Dyre Banking Trojan, Tyupkin ATM Malware, iWorm Botnet and More | TWIC – October 10, 2014
Each week, the PhishLabs team posts The Week in Cybercrime (TWIC) to recap noteworthy cybercrime articles and reports (open source).
- Enhancements to Dyre Banking Trojan (PhishLabs)
The Dyre banking Trojan made its first debut in June 2014, targeting large financial institutions across the globe. In September, PhishLabs’ R.A.I.D (Research, Analysis, and Intelligence Division) observed a number of enhancements to the banking Trojan that further increases the danger of the threat.
- Huge Data Leak at Largest U.S. Bond Insurer (KrebsOnSecurity)
On Monday, KrebsOnSecurity notified MBIA Inc. — the nation’s largest bond insurer — that a misconfiguration in a company Web server had exposed countless customer account numbers, balances and other sensitive data.
- Tyupkin: Manipulating ATM Machines with Malware (SecureList)
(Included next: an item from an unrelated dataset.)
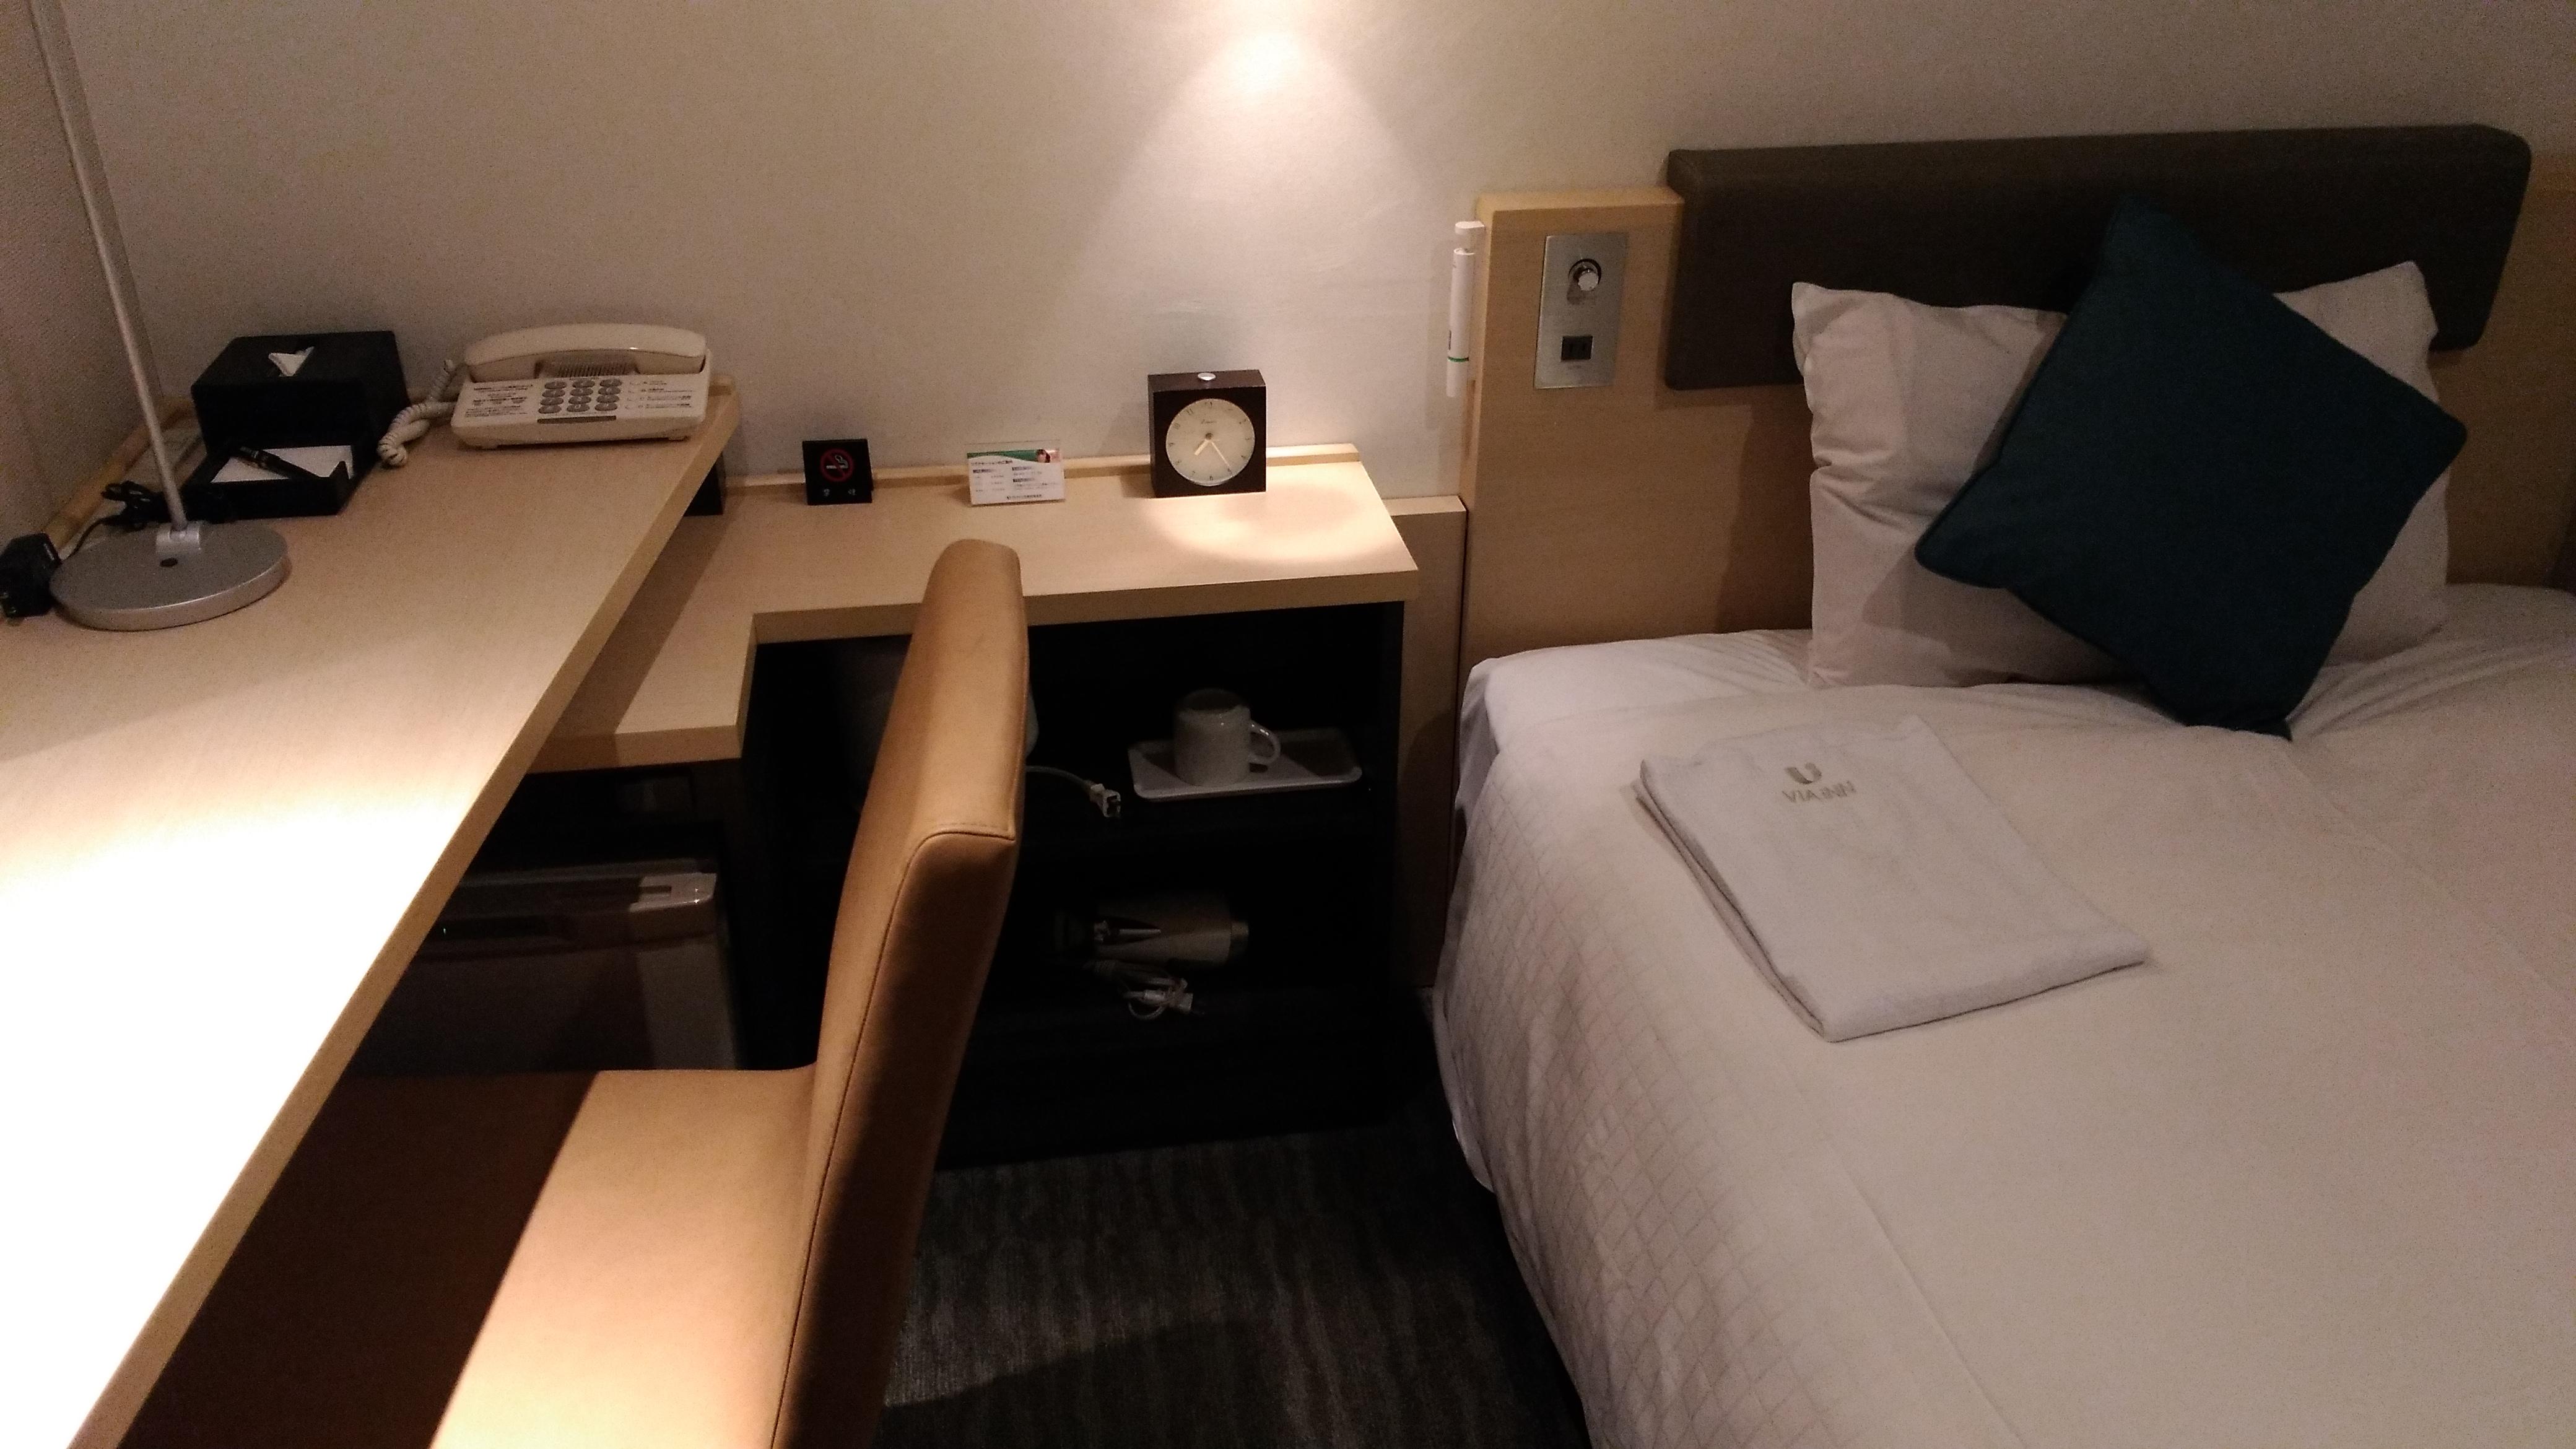 京都旅行の際は、リーズナブル、便利、清潔なホテル【ヴィアイン京都室町】に宿泊されるのはいかがでしょうか? -リピーターのための、おすすめ京都の穴場ガイド-

Earlier this year Kaspersky Lab’s Global Research and Analysis Team performed a forensics investigation into a cyber-criminal attack targeting multiple ATMs in Eastern Europe. A piece of malware was discovered that allowed attackers to empty the ATM cash cassettes via direct manipulation.
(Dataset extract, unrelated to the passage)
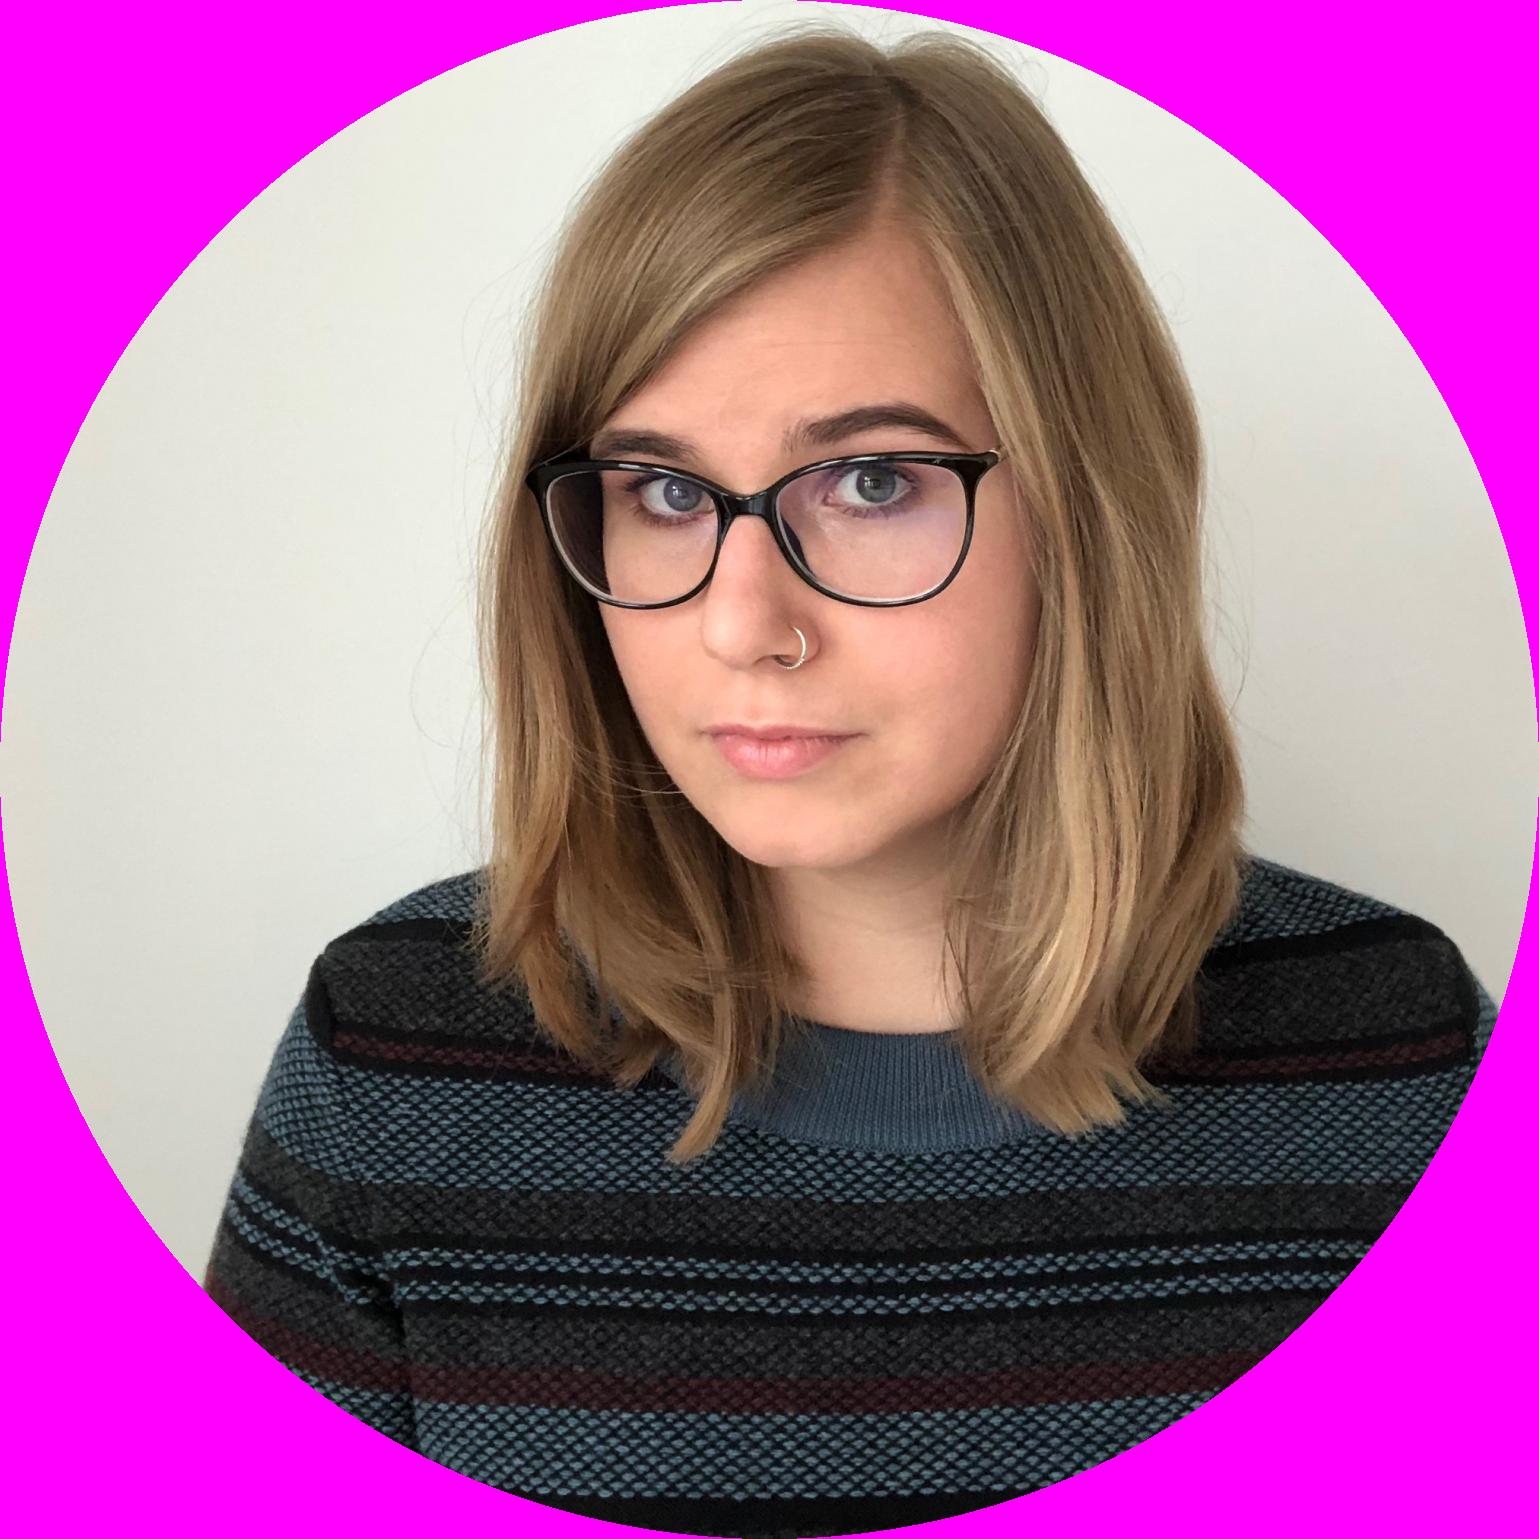 Portraitfoto von mir. Ich trage eine schwarze Brille, einen Nasenring, einen dunklen, gestreiften Pullover und offene, mittellange, blonde Haare.

- Over 17,000 Mac Machines Affected by ‘iWorm’ Botnet Malware (The Hacker News)
A newly discovered zombie network that exclusively targets Apple computers running Mac OS X across the globe has compromised roughly 17,000 machines so far, giving hackers backdoor access to infected computers, researchers at Russian antivirus firm Dr.Web warned.
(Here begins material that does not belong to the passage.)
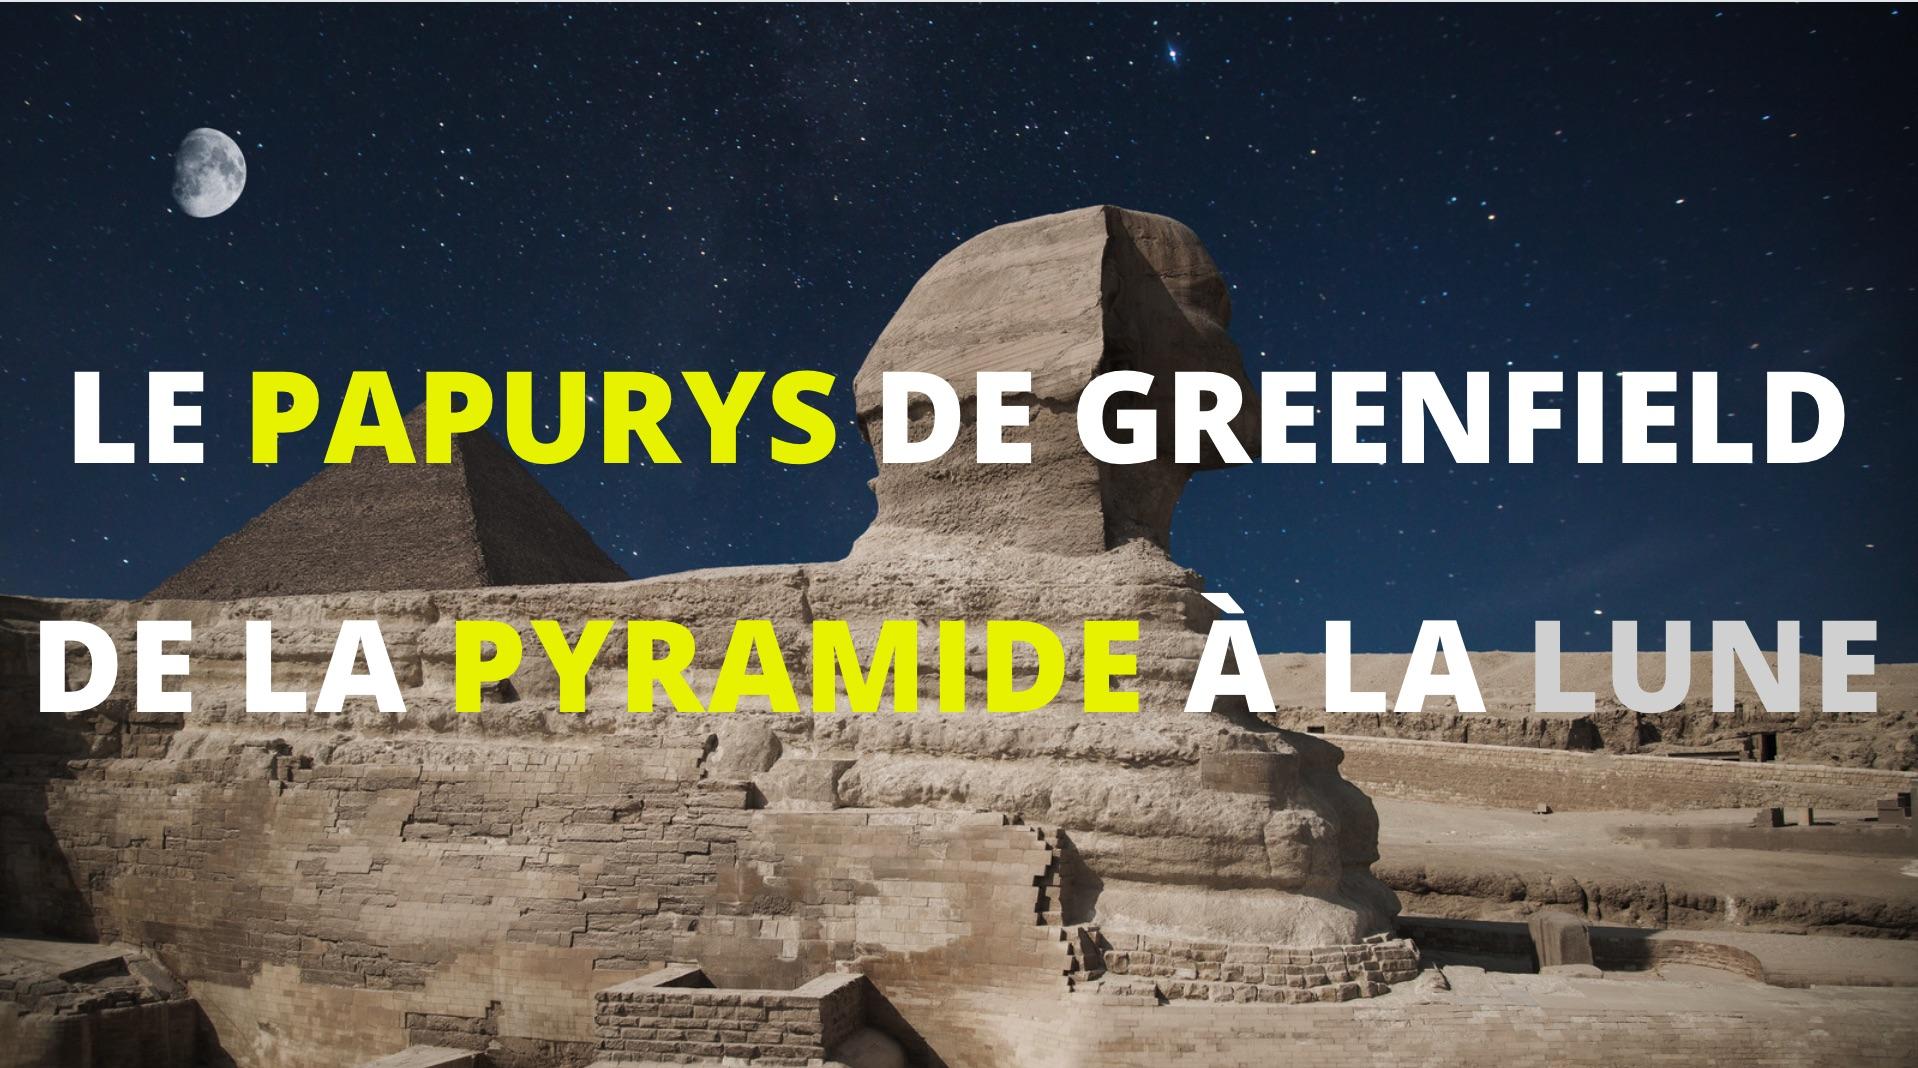 papyrus-de-greenfield3_scruberthumbnail_0

- Dairy Queen confirms Backoff Malware Led to Data Breach (CSO)
Minneapolis-based Dairy Queen has confirmed a data breach that impacts 395 stores. The fast food chain says that the source of the breach itself is the same family of POS malware that gained attention earlier this summer after an advisory from the US Secret Service made the rounds.
- Return of the Android SMS Virus – Self-Spreading “Selfmite” Worm Comes Back for More (Naked Security)
Andr/SlfMite-A, an Android virus that works a bit like the email worms of the early 2000s, has made a comeback. The new variant pretends to be a Google Plus app, though of course it is no such thing.